Delegates to Congress . Letters of delegates to Congress, 1774-1789, Volume 21, October 1 1783-October 31 1784
Electronic Text Center, University of Virginia Library

| Table of Contents for this work |
| All on-line databases | Etext Center Homepage |

Thomas Jefferson to To: the Marquis de Chastellux


Dear Sir
(1)

Annapolis Jan. 16. 1784.

   Lt. Colo. Franks being appointed to carry to Paris one of the copies of our ratification of the Def. treaty, & being to depart in the instant of his appointmt. furnishes me a hasty opportunity of obtruding myself on your recollection. Should this prove troublesome you must take the blame as having exposed yourself to my esteem by letting me become acquainted with your merit. Our transactions on this side the water must now have become uninteresting to the rest of [the] world. We are busy however among ourselves endeavoring to get our new governments into regular and concerted motion. For this purpose I beleive we shall find some additions requisite to our Confederation. As yet every thing has gone smoothly since the war. We are diverted with the European accts. of the anarchy & opposition to government in America. Nothing can be more untrue than these relations. There was indeed some disatisfaction in the army at not being paid off before they were disbanded, and a very trifling mutiny of 200 souldiers in Philadelphia. On the latter occasion, Congress left that place disgusted with the pusillanimity of the government and not from any want of security to their own persons. The indignation which the other states felt at this insult to their delegates has enlisted them more warmly in support of Congress & the people, the legislature & the Exec. themselves of Pennsylvania have made the most satisfactory atonements. Some people also of warm blood undertook to resolve as committees for proscribing the refugees. But they were few, scattered here & there through the several states, were absolutely unnoticed by those both in & out of power, and never expressed an idea of not acquiescing



-287-

ultimately under the decisions of their governments. The greatest difficulty we find is to get money from them. The reason is not founded in their unwillingness, but in their real inability. You were a witness to the total destruction of our commerce, devastation of our country, and absence of the precious metals. It cannot be expected that these should flow in but through the channels of commerce, or that these channels can be opened in the first instant of peace. Time is requisite to avail ourselves of the productions of the earth, and the first of these will be applied to renew our stock of those necessaries of which we had been totally exhausted. But enough of America, it's politics & poverty. Science I suppose is going on with you rapidly as usual. I am in daily hopes of seeing something from your pen which may portray us to ourselves. Aware of the bias of self love & prejudice in myself and that your pictures will be faithful I am determined to annihilate my own opinions and give full credit to yours. I must caution you to distrust information from my answers to Monsr. de Marbois' queries.(2) I have lately had a little leisure to revise them. I found some things should be omitted, many corrected, and more supplied & enlarged. They are swelled nearly to treble bulk. Being now too much for MS. copies, I think the ensuing spring to print a dozen or 20 copies to be given to my friends, not suffering another to go out. As I have presumed to place you in that number I shall take the liberty of sending you a copy as a testimony of the sincere esteem and affection with which I have the honour to be Dr Sir, Your mo. ob. & mo. hble servt.


Note:

   FC (MoSHi); reprinted from Jefferson, Papers (Boyd), 6:466-67.

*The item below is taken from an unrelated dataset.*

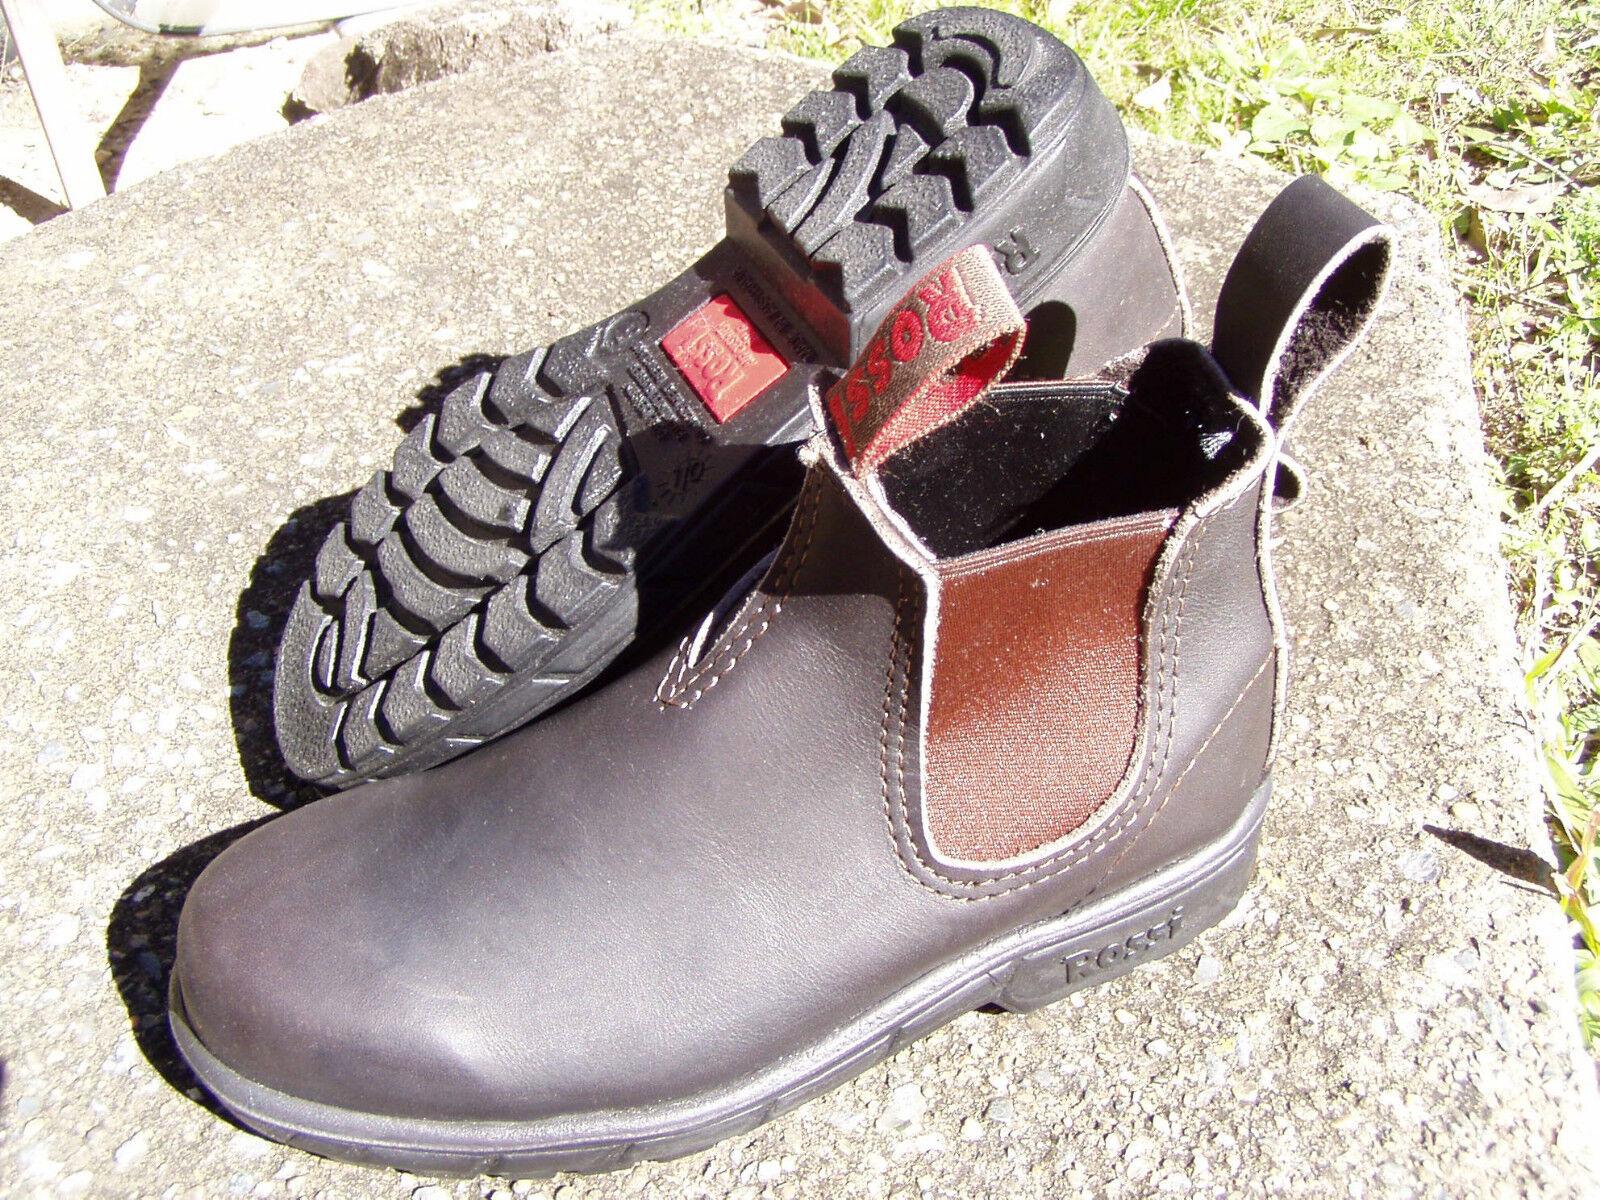 Scarpe casual da uomo  ROSSI Endura 303 Dark Brown (Claret) Boot. New, Unworn

1 Maj. Gen. Franìois-Jean de Beauvoir, the chevalier de Chastellux (1734-1788) had traveled widely in America while serving with the comte de Rochambeau's army and had been encouraged by Jefferson to make a tour of Virginia in 1782, during which he collected information incorporated into his Travels in North-America in the Years 1780, 1781, and 1782, published in Paris in 1786 and in London the following year. A scholarly edition, prepared by Howard C. Rice, Jr., was sponsored by the Institute of Early American History and Culture, 2 vols. (Chapel Hill: University of North Carolina Press, 1963).



2 For "Marbois' queries" and Jefferson's response, which he expanded into his Notes on Virginia, see Jefferson, Papers (Boyd), 4:166-67, 6:171-72, 177-78, 203, 339.